Robert Sneden, his son-in-law, succeeded him as president of what had become Davenport Institute. The school occupied the second floor of the Art Moderne style building located on the southeast corner of Fulton and Division. Faced with an increasing enrollment and a need for student housing and other space, Sneden began buying property on the Fulton Street Hill in 1959.
The former Charles Sligh mansion at 455 E. Fulton had been converted to apartments in 1943, and Davenport students were finding a home there at least as early as 1958. In 1961, the structure officially became Mabel Engle Hall, a women's residence hall named for M. E. Davenport's wife.
The furniture industry would be well represented on the east side of the 400 block of elite Fulton Street hill, which eventually featured the residences of Harry Widdicomb, Charles Sligh and Robert Irwin, as well as the Furniture Museum itself.

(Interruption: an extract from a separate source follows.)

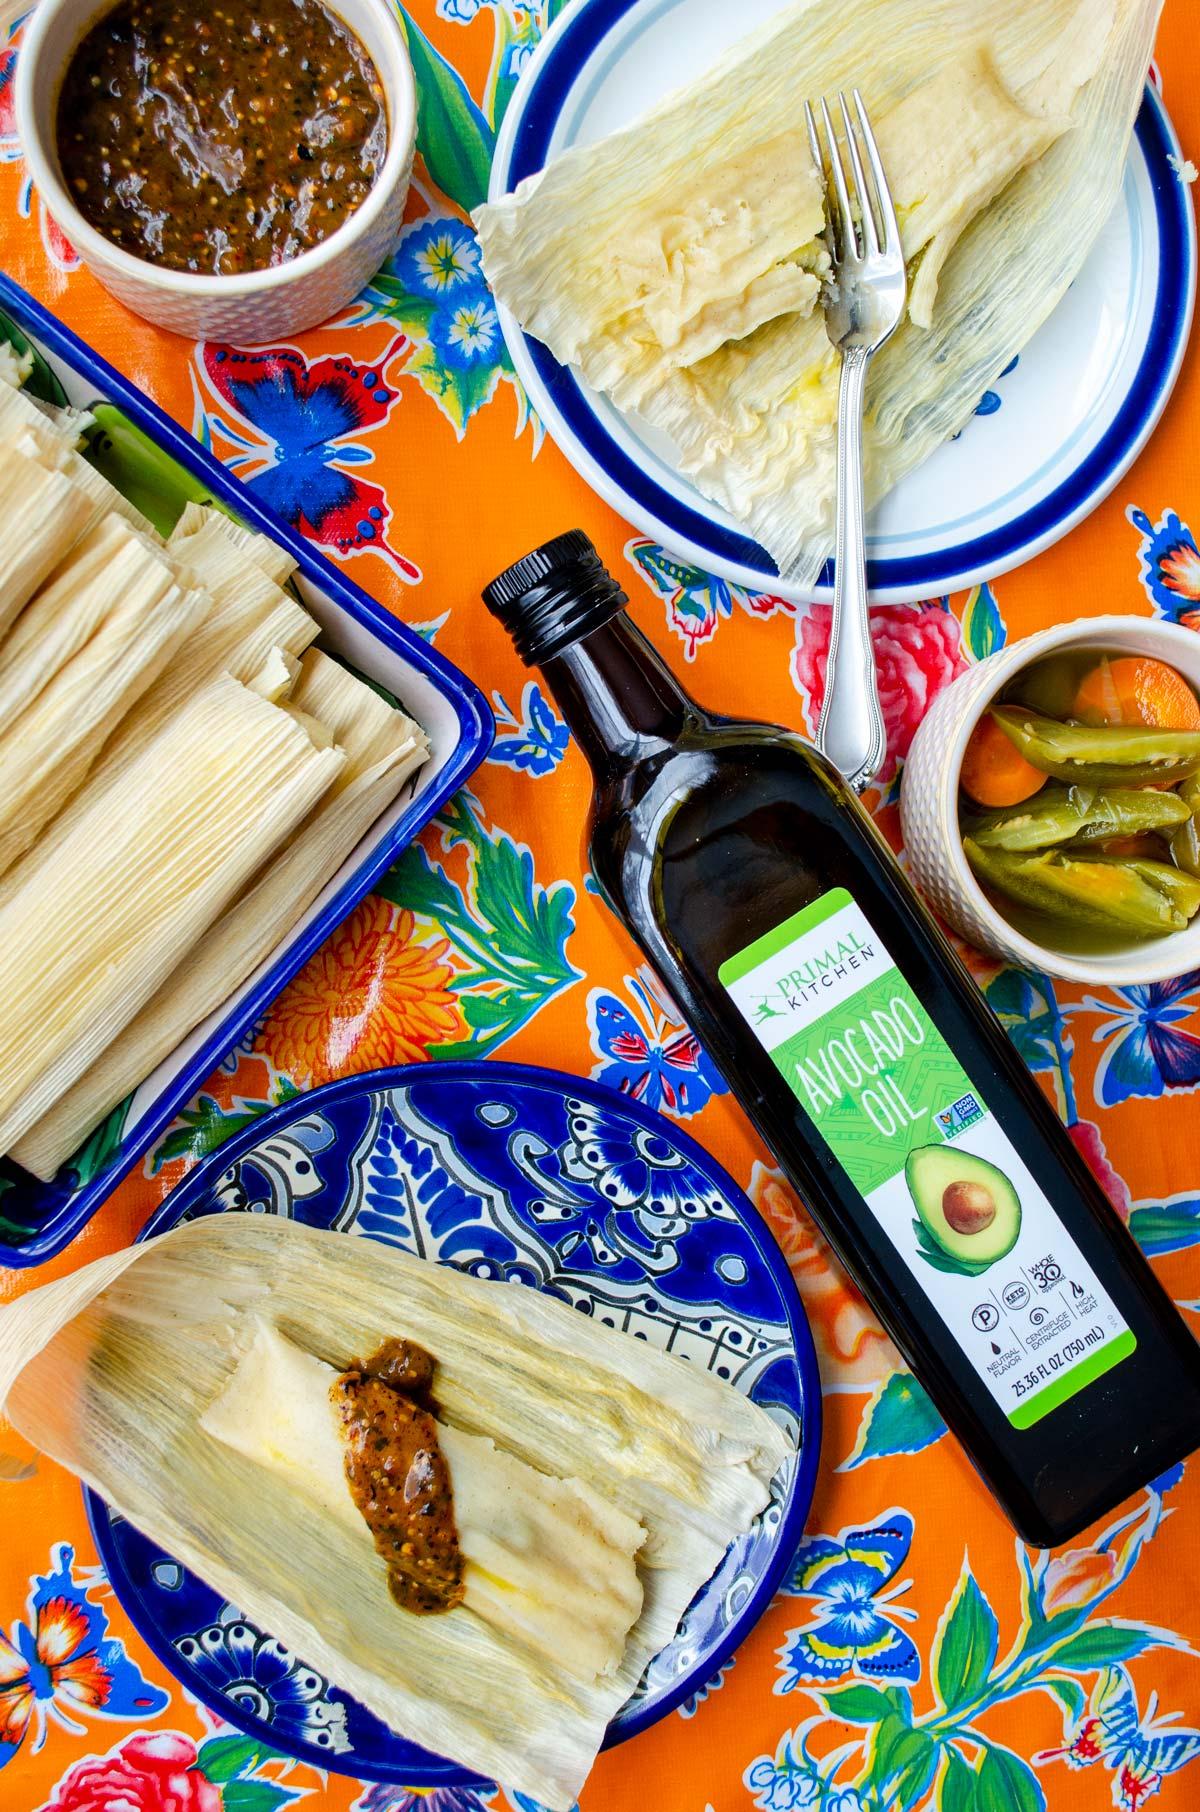 orange table cloth cheese and jalapeño tamales

In 1897, the two homes on the left, in this photo, were owned by officials with the GR&I Railroad, another key factor in the industrialization and urbanization trends affecting our city at the turn of the century.
Also purchased for the Institute, in 1959, was the recently closed Grand Rapids Furniture Museum building, originally the T. Stewart White mansion at 427 E. Fulton. The White mansion became Warren Hall, named for M. E. Davenport's only son who died in service during WWII. Other acquisitions followed until Davenport owned all the property on the north side of the 400 block of East Fulton as well as other lots on the block.
This block, now the DeVos campus of Grand Rapids Community College, and previously the main campus of Davenport University, once featured seven prestigious residences as revealed by this 1912 Sanborn map. In 1912, this hill district stretch was populated by men like Harry Widdicomb, Delos Blodgett and T. Stewart White. Three of these structures remain today, converted for use by the educational institutions that came here later.
In 1866, young Conrad Swensberg opened the Grand Rapids Business College & Telegraphic Institute, the ancestor of today's Davenport University.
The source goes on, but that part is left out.